L’historien François Jarrige explore, dans son dernier livre « La ronde des bêtes », une facette méconnue de l’histoire industrielle : l’importance du moteur animal, un pilier énergétique souvent ignoré mais crucial, et surtout décarboné, de la révolution industrielle.
Lorsque l’on pense à cette révolution, l’image de la machine à vapeur, propulsant trains, bateaux et usines, émerge naturellement. Pourtant, comme le souligne Jarrige, cette vision est incomplète. Certes, le XIXᵉ siècle est marqué par l’essor des énergies fossiles, mais il a également été le théâtre d’une autre forme d’énergie : celle fournie par les animaux. Une force motrice qui, contrairement à ce que l’on pourrait penser, a profondément façonné la modernité industrielle.
En moins de 500 pages, François Jarrige, maître de conférences à l’université de Bourgogne, retrace l’histoire fascinante de ces « animaux prolétaires », utilisés comme moteurs économiques. Bien avant l’ère des combustibles fossiles, ces bêtes ont occupé une place centrale dans l’économie occidentale, un rôle qui s’étend de l’Antiquité jusqu’à la veille de la Première Guerre mondiale, moment où leur usage a progressivement décliné.
Qu’il s’agisse de chevaux, bœufs, ânes ou mulets, ces animaux étaient des moteurs « low-tech » avant l’heure, peu coûteux et facilement réparables. Ils ont joué un rôle clé dans des secteurs variés, des mines à l’agriculture en passant par le textile et la sidérurgie. Au XIXᵉ siècle, des « roues à chien » actionnaient les meules des cloutiers, tandis que dans les fermes, les chevaux étaient sollicités pour toutes sortes de tâches, de la fabrication du cidre à l’irrigation des champs.
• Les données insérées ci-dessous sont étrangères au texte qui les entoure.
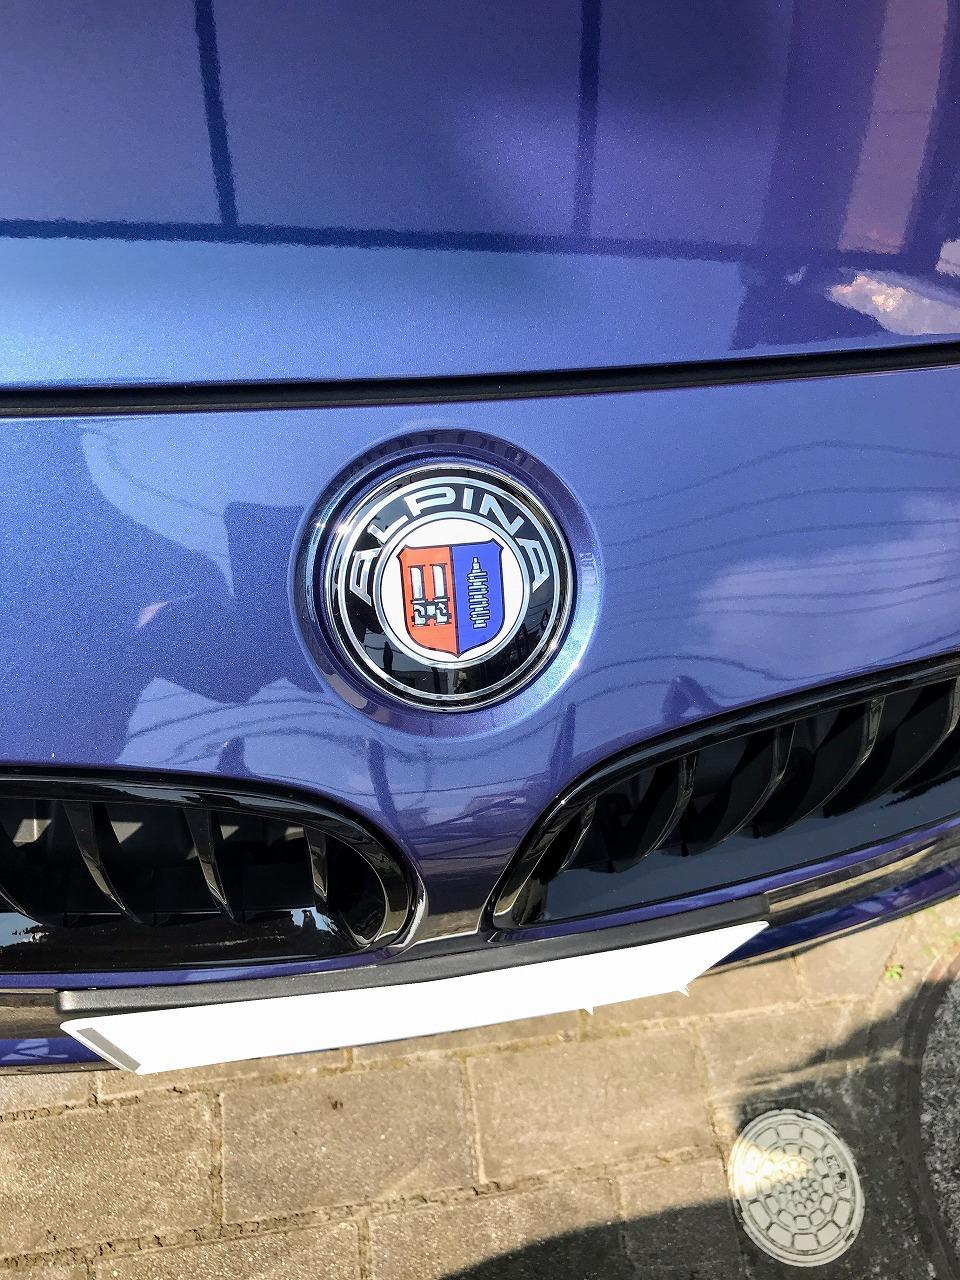 BMW純正ディーゼル添加剤はアルピナのディーゼルモデルにはNGだそうです><

Dans ce contexte, s’est formé un univers de collaboration entre humains et animaux, marqué par l’exploitation, certes, mais aussi par un certain partage du travail.
Auteur reconnu pour son travail sur les énergies alternatives, Jarrige tente, à travers **La ronde des bêtes**, de remettre en lumière cette technique oubliée, rarement évoquée dans les débats sur la transition écologique, bien qu’elle ait, selon lui, encore un potentiel pour nous aider à sortir de notre dépendance aux énergies fossiles. Pourtant, si le moteur animal pourrait, pour certains usages limités, intégrer un mix énergétique décarboné, son histoire reste avant tout celle d’une « ex-novation », un processus de déclin technologique.
Relégué aux marges par les énergies fossiles, critiqué pour son manque de rapidité et d’efficacité, le moteur animal est devenu, au tournant du XXᵉ siècle, un symbole d’arriération technologique, voué à disparaître dans les musées.